When we venture out to explore, Linda and I find streets, houses, gates and laneways in every shade of blue. Wandering the city, we meet waiters, traders, orange sellers and bakers and each seems to have a different explanation for the sea of blue: blue keeps away mosquitoes; Jewish refugees fleeing the Spanish Inquisition in 1492 brought their tradition of blue to Chefchaouen; Jews fleeing Russia settled here and brought the blue after their expulsion from the USSR; blue is a cool colour that keeps the house interiors more pleasant. Perhaps all are true.

After exploring the labyrinth of streets and steps, we find a café in the main square where we sip glasses of mint tea in an outdoor cafe, and watch the Berbers, in their blue djellabas bringing in their wares on donkeys.
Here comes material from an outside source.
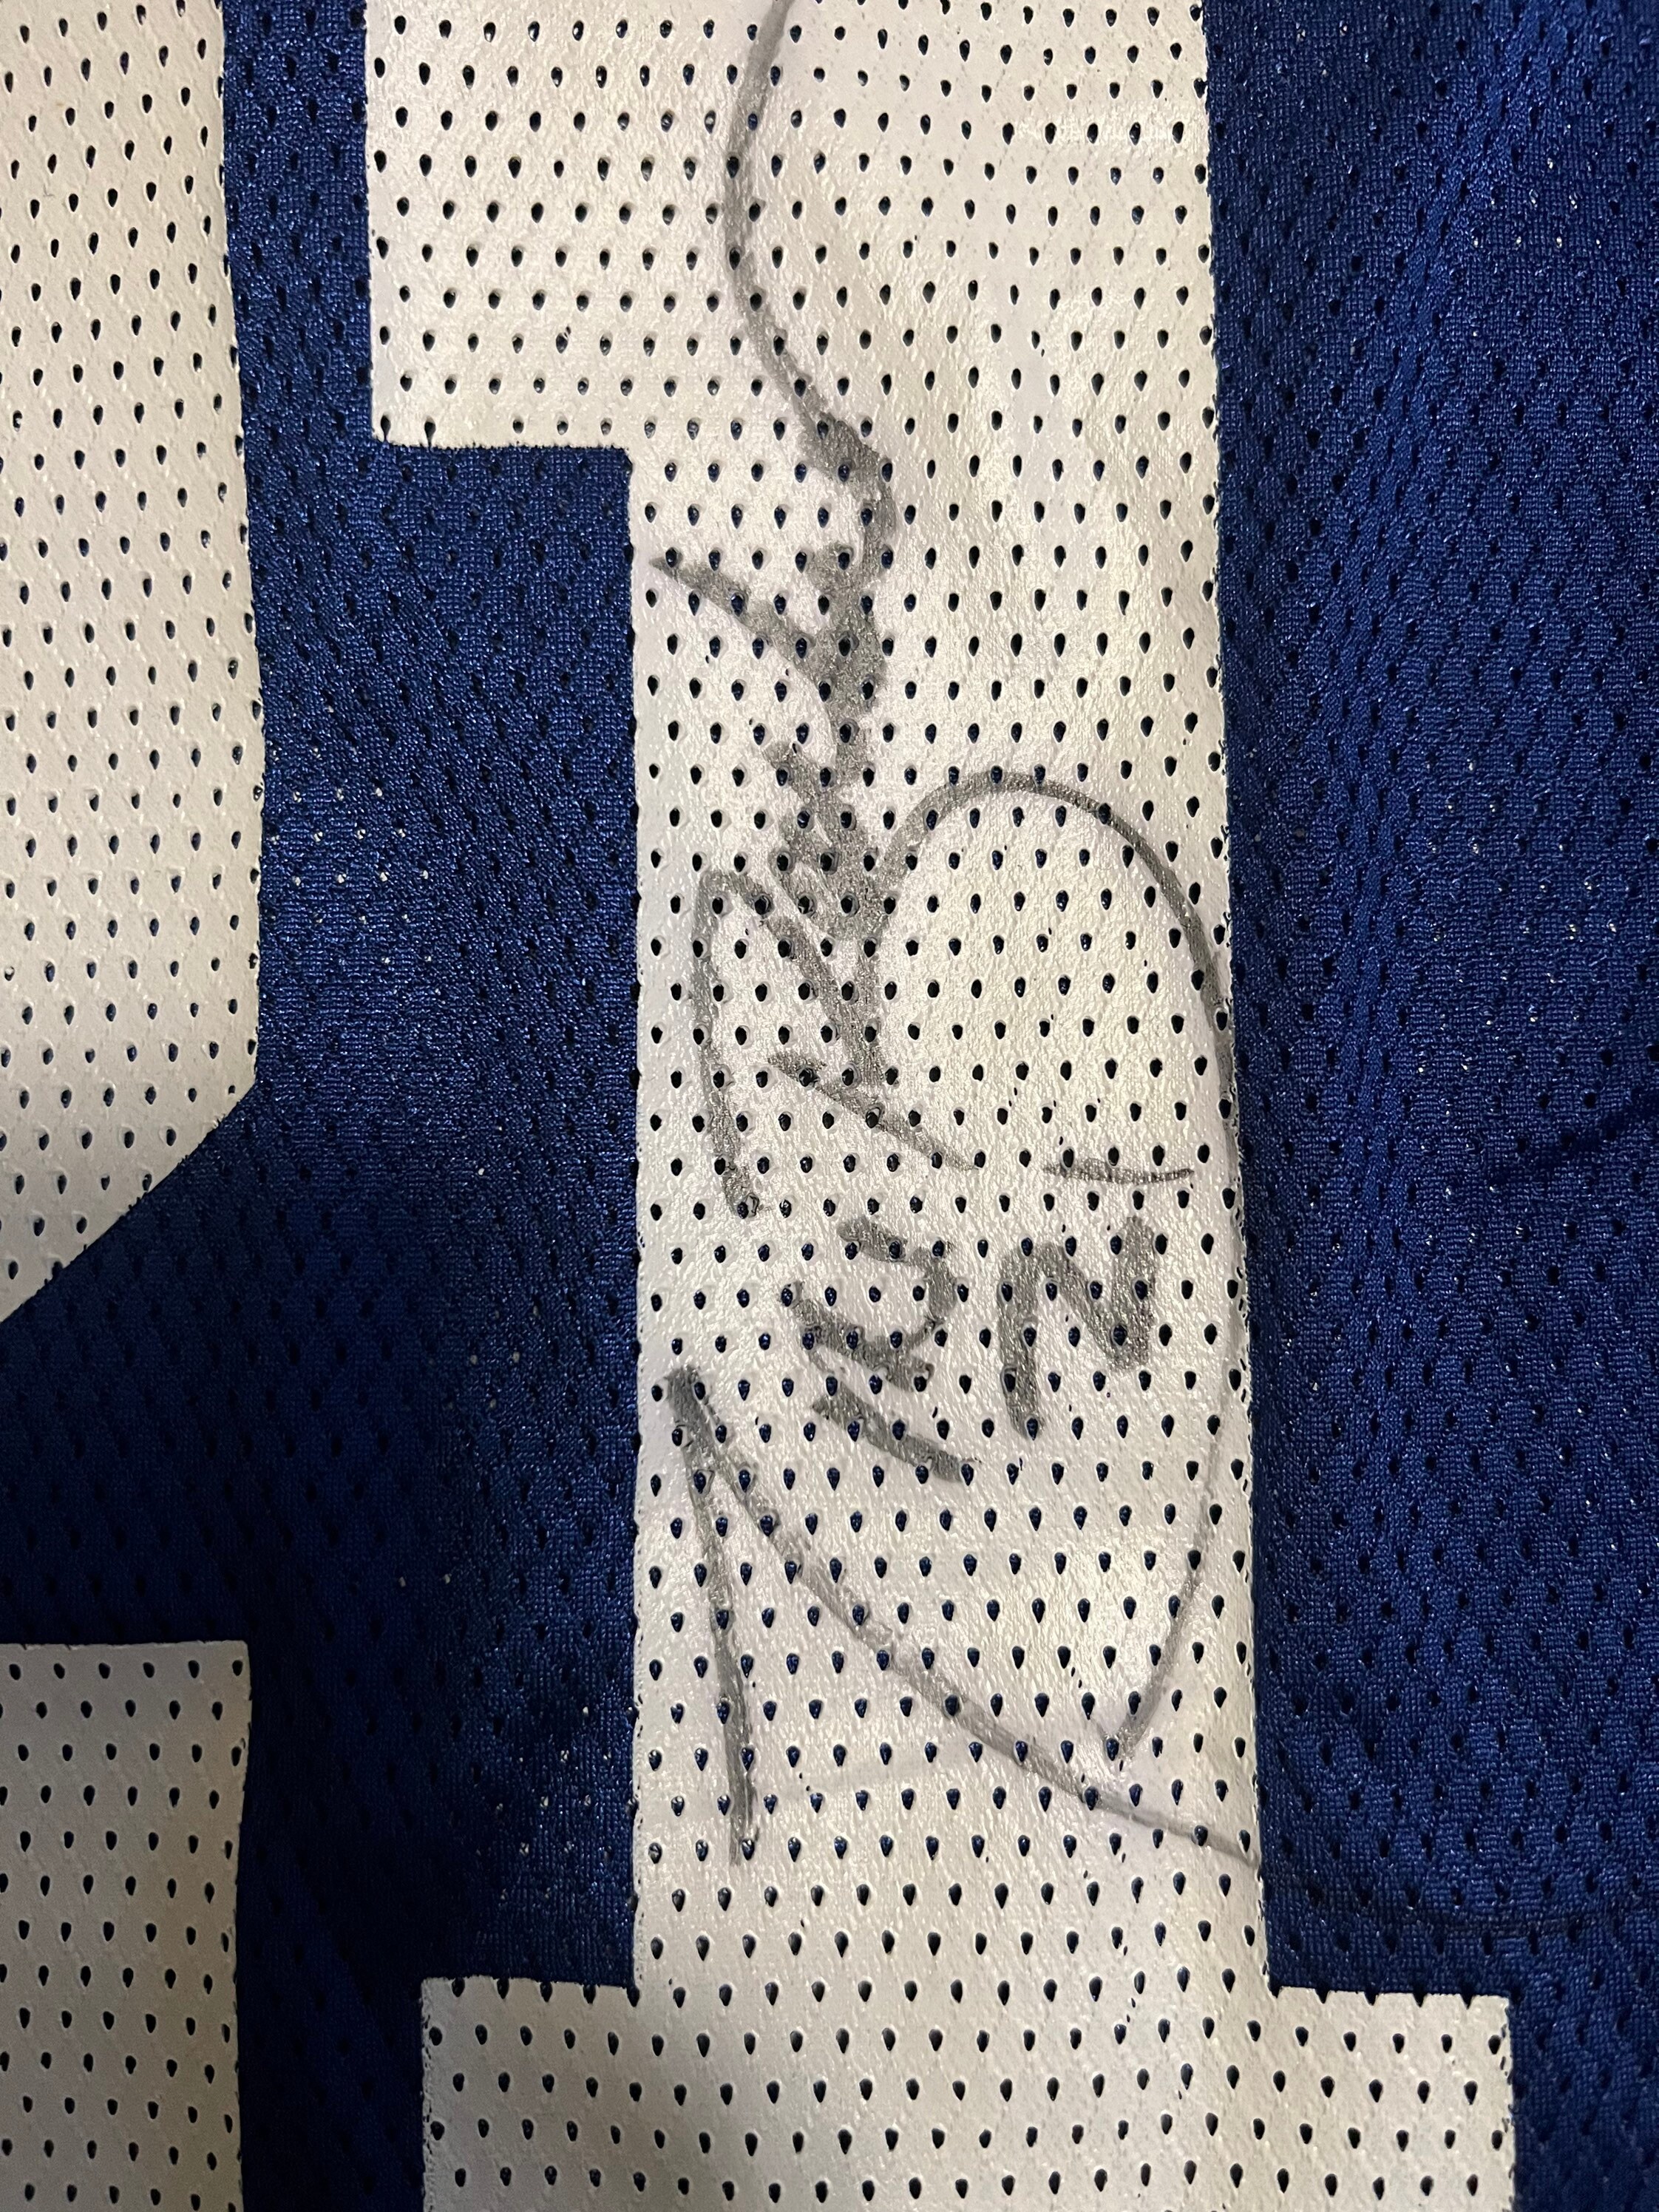 Tiki Barber Autographed Signed Framed New York Giants Jersey -   Israel

Over time, we learn that the town is made up of tightly-knit neighbourhoods. Each has four essentials: a fountain, a mosque, a bakery, and a Hamman or bath-house. And cats are everywhere.
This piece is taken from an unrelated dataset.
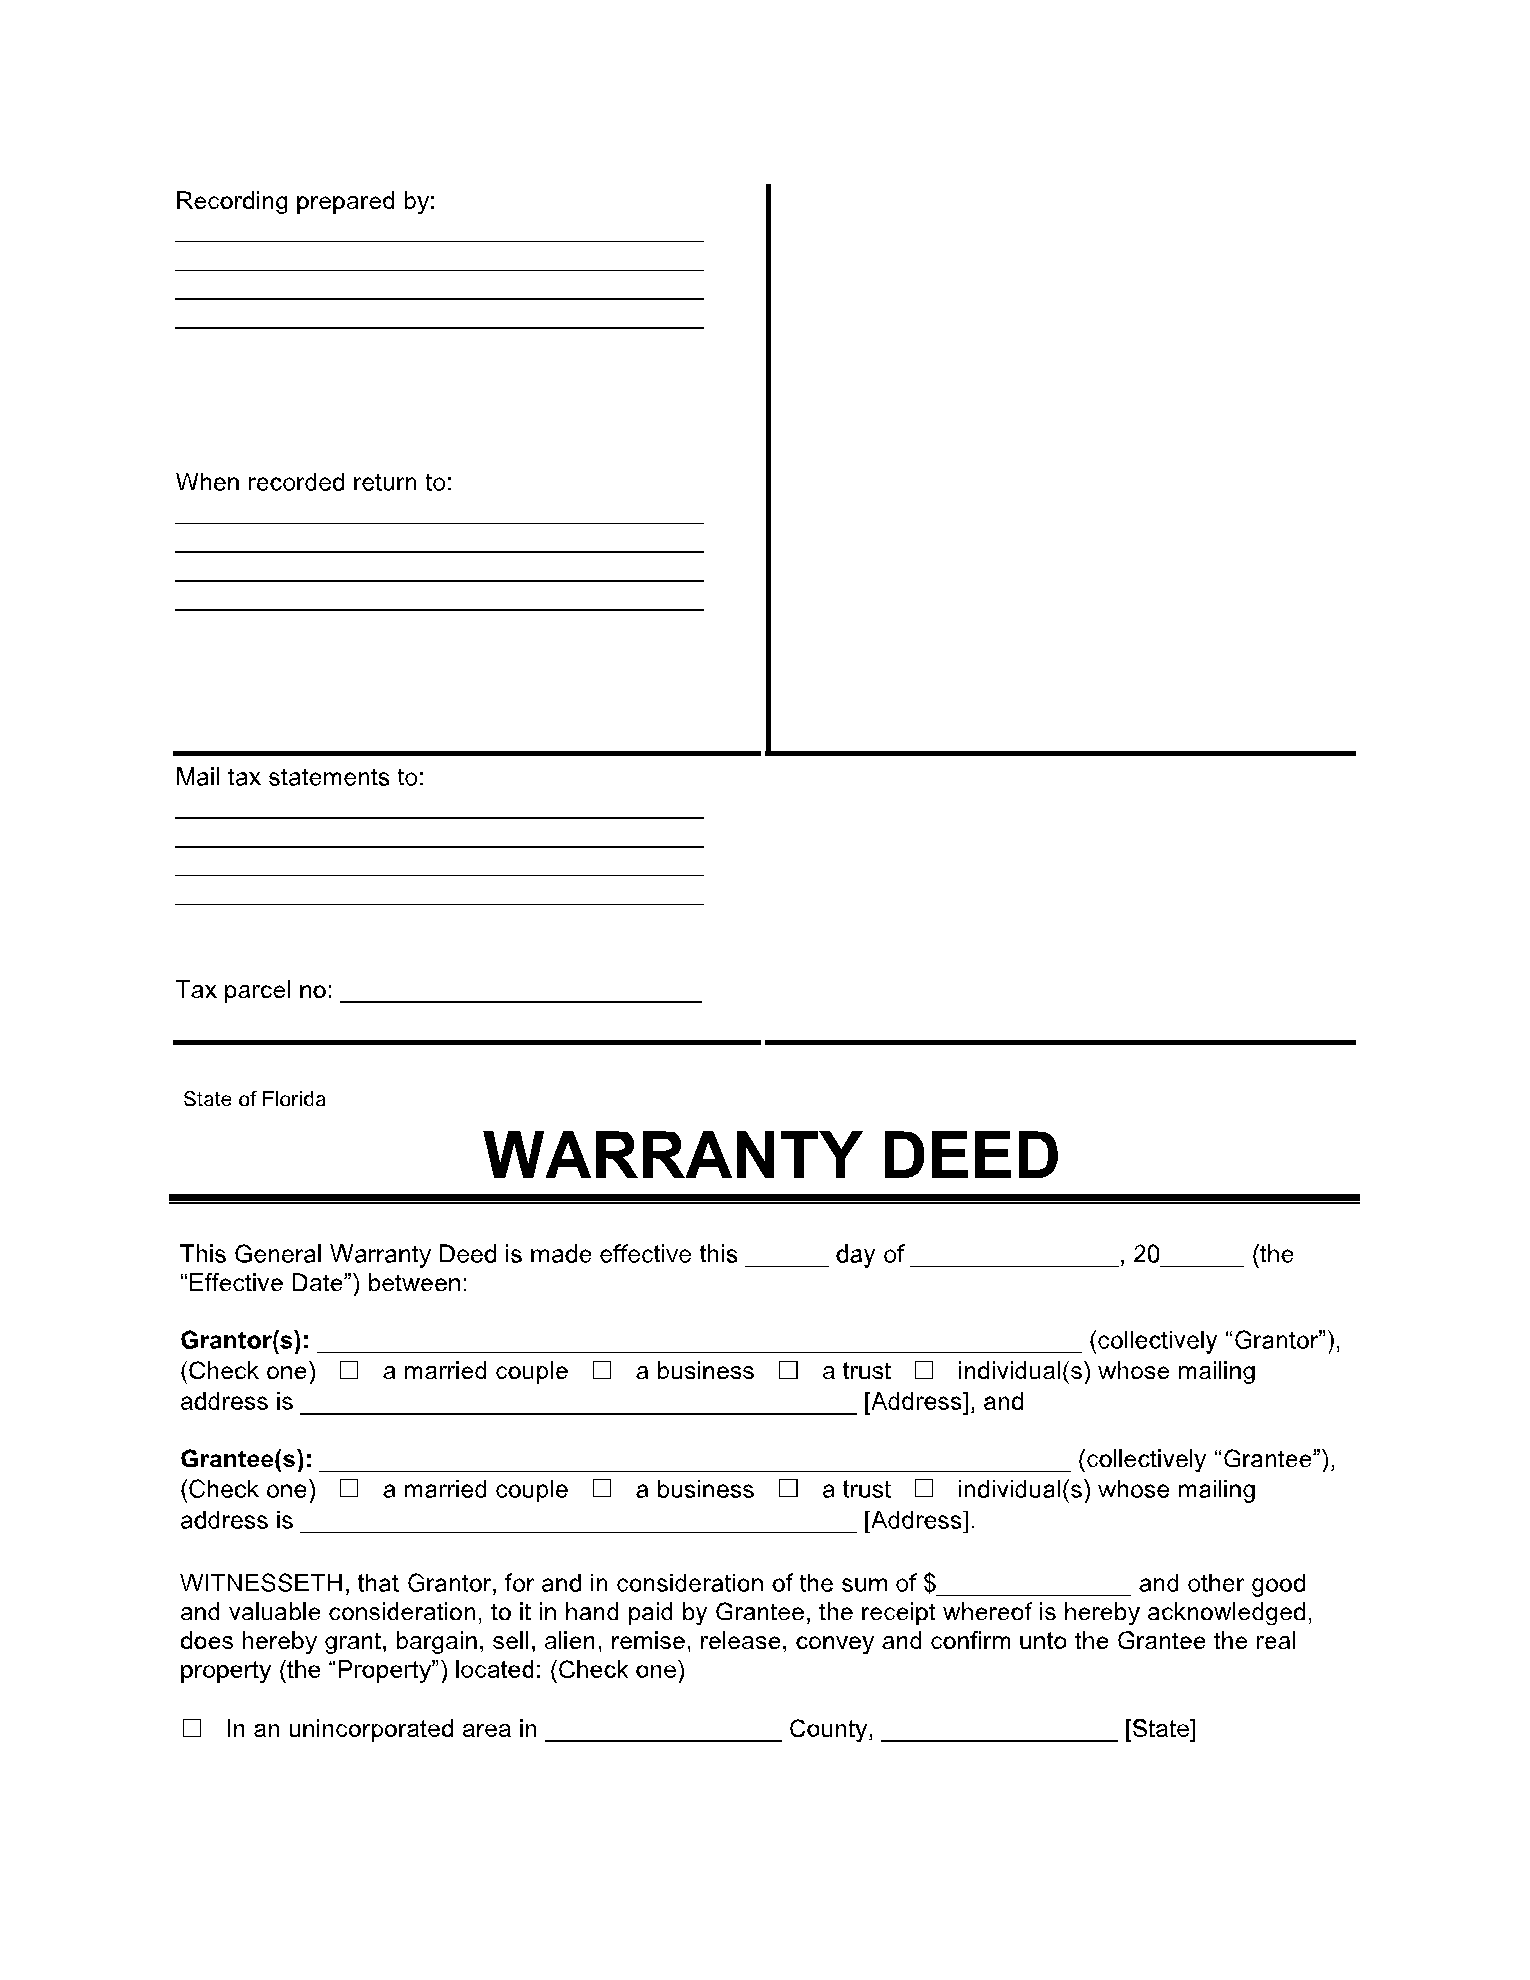 Florida General Warranty Deed Form

Twilight usually finds us at the Hotel Parador, sitting beside the pool, drinking cokes or, in my case a local Casablanca beer, while watching the sun set over the Rif Mountain and the old mosque.

A few days later, we head for Erg Chebbi, a 10-hour drive southwest from the Blue City. There too, we run into blue. Here the Taureg camel drivers who take travellers out into the Sahara, wear djellabas and matching tegelmust headware of rich indigo.

We have to cut our camel rides short as clouds are gathering over the Atlas Mountains. An hour later, the skies fill with dark blue thunderheads. The gust front hits our four-by-four, and blowing sand, obscures the track. As lightning forks the clouds, the rain comes. Our local guide is laughing as he urges us to hold on. All night rain beats down on the Sahara, one of the world’s driest places.

The next day, pools of water lay everywhere. We leave early for Marrakesh but Hamid has to improvise because locals warned him that one of the bridges ahead has been washed out. Like kids everywhere, the Moroccan children are delighted at the unexpect downpour and splash in the puddles.

A week later, we reach Essouara, a fishing village on the Atlantic coast, about as far from Chefchaouan as you can go in Morroco. And what do we find? The entire fleet of small dories that the fisherman use is painted blue.

Not until we are flying out of Casablanca a few days later did it occur to me that we had not seen a single mosquito on the entire trip. Maybe the Maroccans are on to something.

Colin Hayward is a retired Cambrian College professor.